Это происходило около 367 года. Спустя ровно 20 лет Платону, тогда уже старцу, пришлось вторично ездить в Сиракузы. Прежний тиран только что умер, и на престол вступил его сын Дионисий Младший — во всем почти прямая противоположность отцу. Ле­нивый и неспособный, он к тому же еще получил поверхностное воспитание, которое никогда не думал пополнять. Новый тиран предпочитал худой мир доб­рой ссоре, и, несмотря на то что города, крепко спло­ченные под железной рукою отца, стали отпадать один за другим, он весьма неохотно предпринимал меры против угрожавшей ему опасности, предпочитая уто­пать в разврате и наслаждениях огромного и пышного двора. В первые годы, однако, на него имел большое и благодетельное влияние все тот же Дион, и это об­стоятельство побудило Платона предпринять вторую поездку в негостеприимную столицу Сицилии. Дело в том, что он уже тогда лелеял проект совершенного по­литического строя, и здесь, в положении молодого и поддающегося влияниям тирана Сиракузского, думал он найти возможность осуществить свой проект. Но

он ошибся в расчете, забыв, что влияния могут быть разные и что Дионисий, в данный момент прислуши­вающийся к строгим нотациям Диона, может в другой момент еще внимательнее прислушиваться к речам иного рода, идущим более в унисон с его собственны­ми желаниями и инстинктами. Так оно и было. По­пытавшись уговорить Дионисия самому взяться за дело и перестроить политическую организацию Сиракуз на платоновский лад, философ сразу увидел, что добива­ется невозможного: никто сам себе не враг — тем ме­нее государь, поставленный в такие выгодные усло­вия, как Дионисий.
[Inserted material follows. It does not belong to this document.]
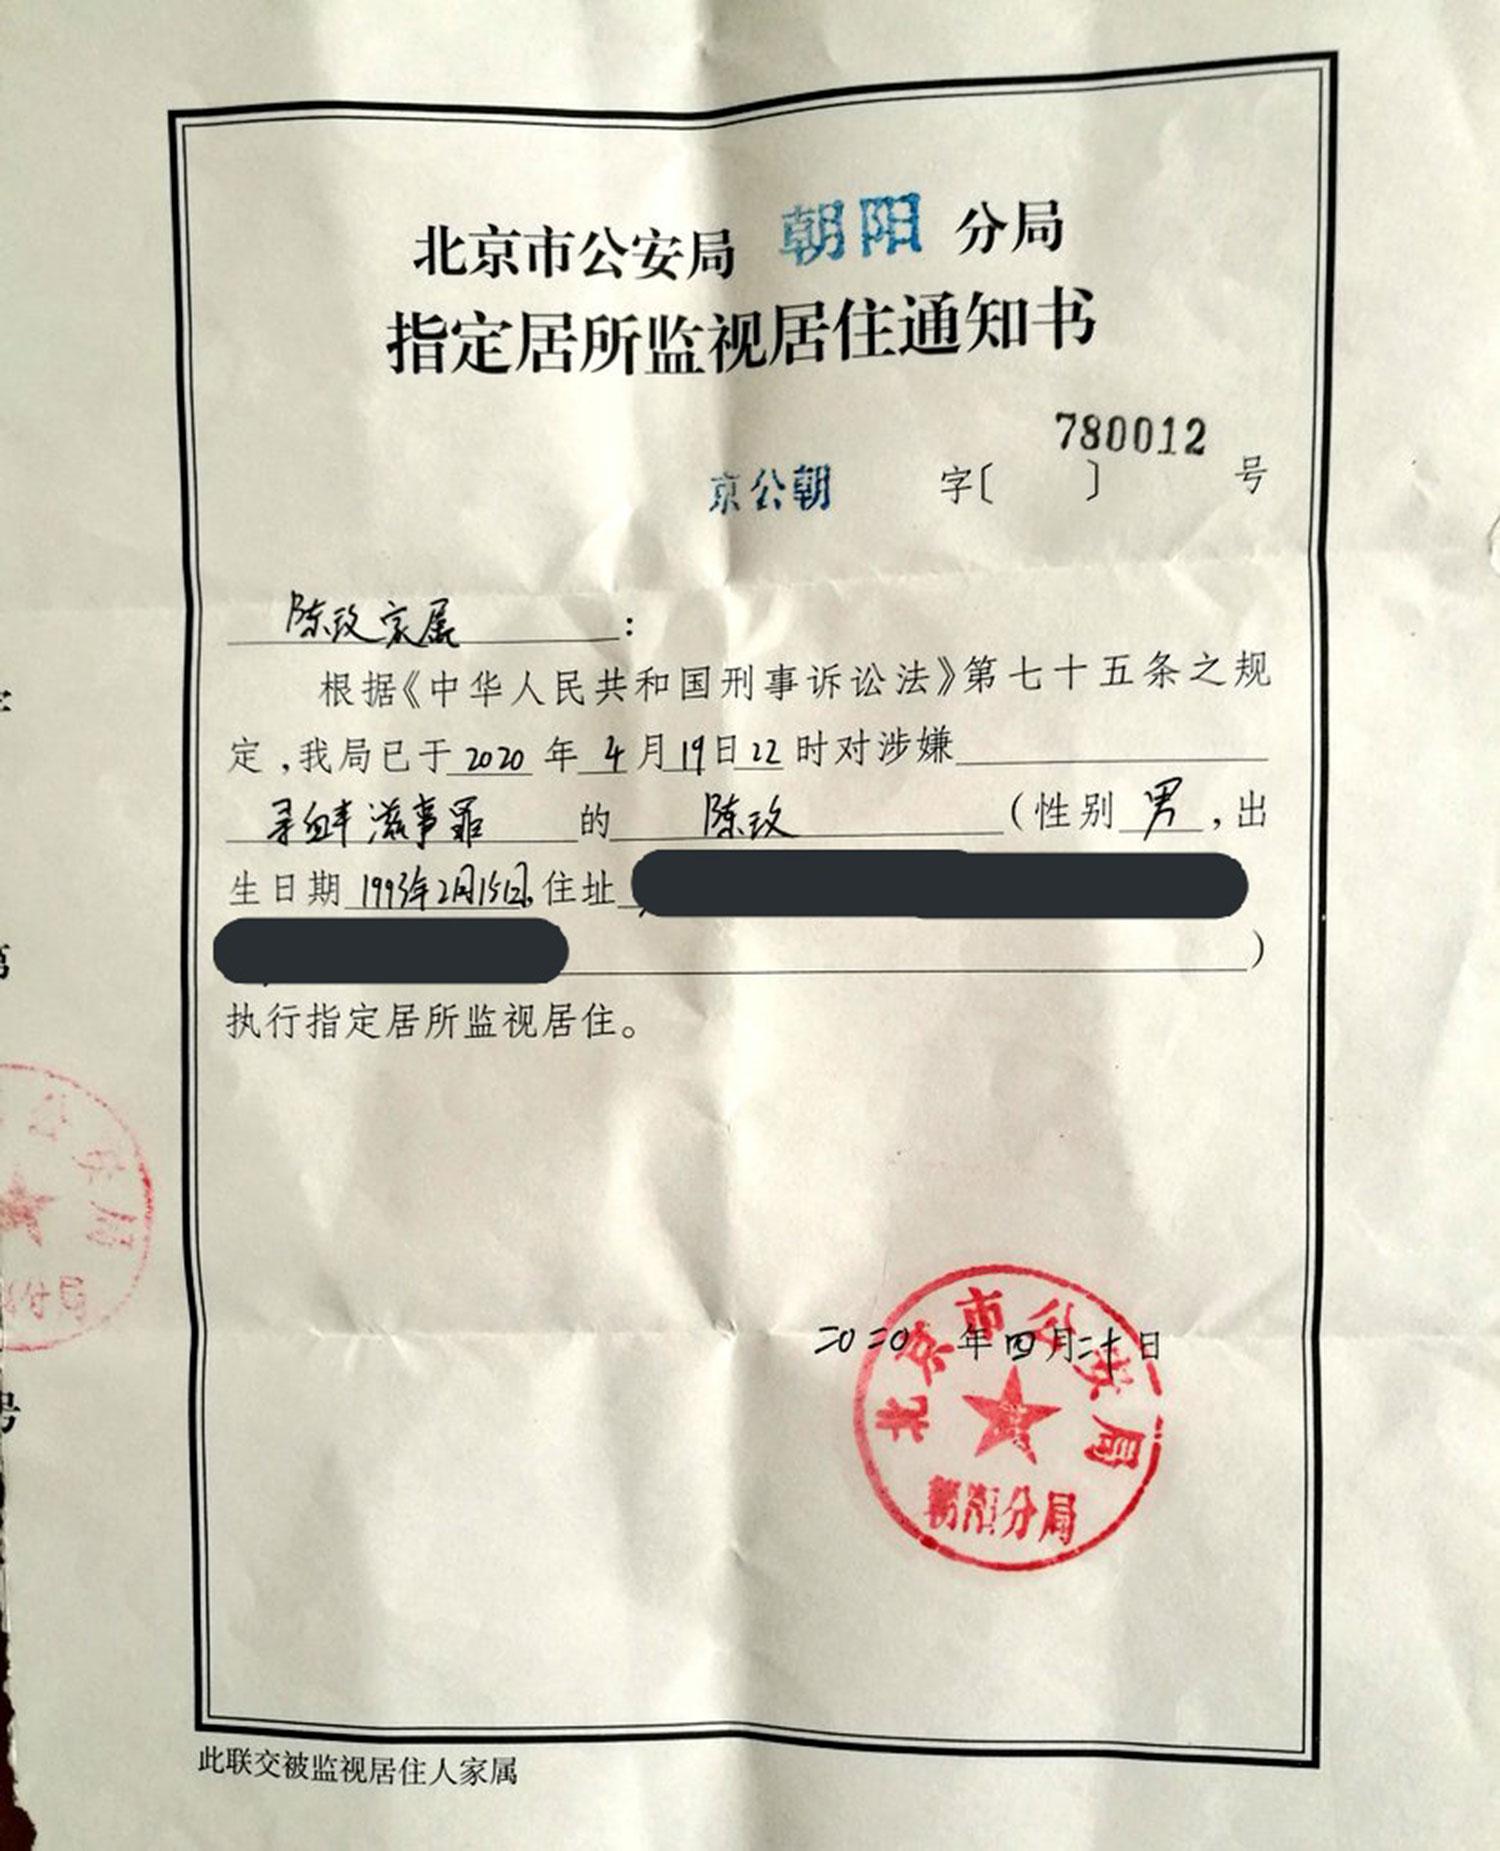 端點星的志願者陳玫因涉嫌尋釁滋事,過去接近兩個月一直被指定居所監視居住。(臉書圖片)

К тому же тиран был не один, а вокруг него стояла, как всегда бывает, обширная ка­марилья, для которой всякий другой образ правления — будь то правление философов или какое другое — оз­начал если не верную гибель, то, во всяком случае, несомненный урон для карманов. Естественно, что Платон получил отпор, и когда, как говорят, он по­шел на уступки и попросил у Дионисия хотя бы клоч­ка земли и немного людей, чтобы устроить опыт в виде колонии, то и тут не встретил ничего другого, кроме враждебных насмешек и угроз. Он счел поэто­му благоразумнее уехать, и Дион, который считался виновником его приезда и поддерживал его во всем, был обвинен в честолюбивых замыслах — в посяга­тельстве на трон — и изгнан.

Таким образом, Платон вторично потерпел фиас­ко. Но и этого, очевидно, было мало для коварной судь­бы: Платону суждено было встретить неудачу на том же поле и в третий раз.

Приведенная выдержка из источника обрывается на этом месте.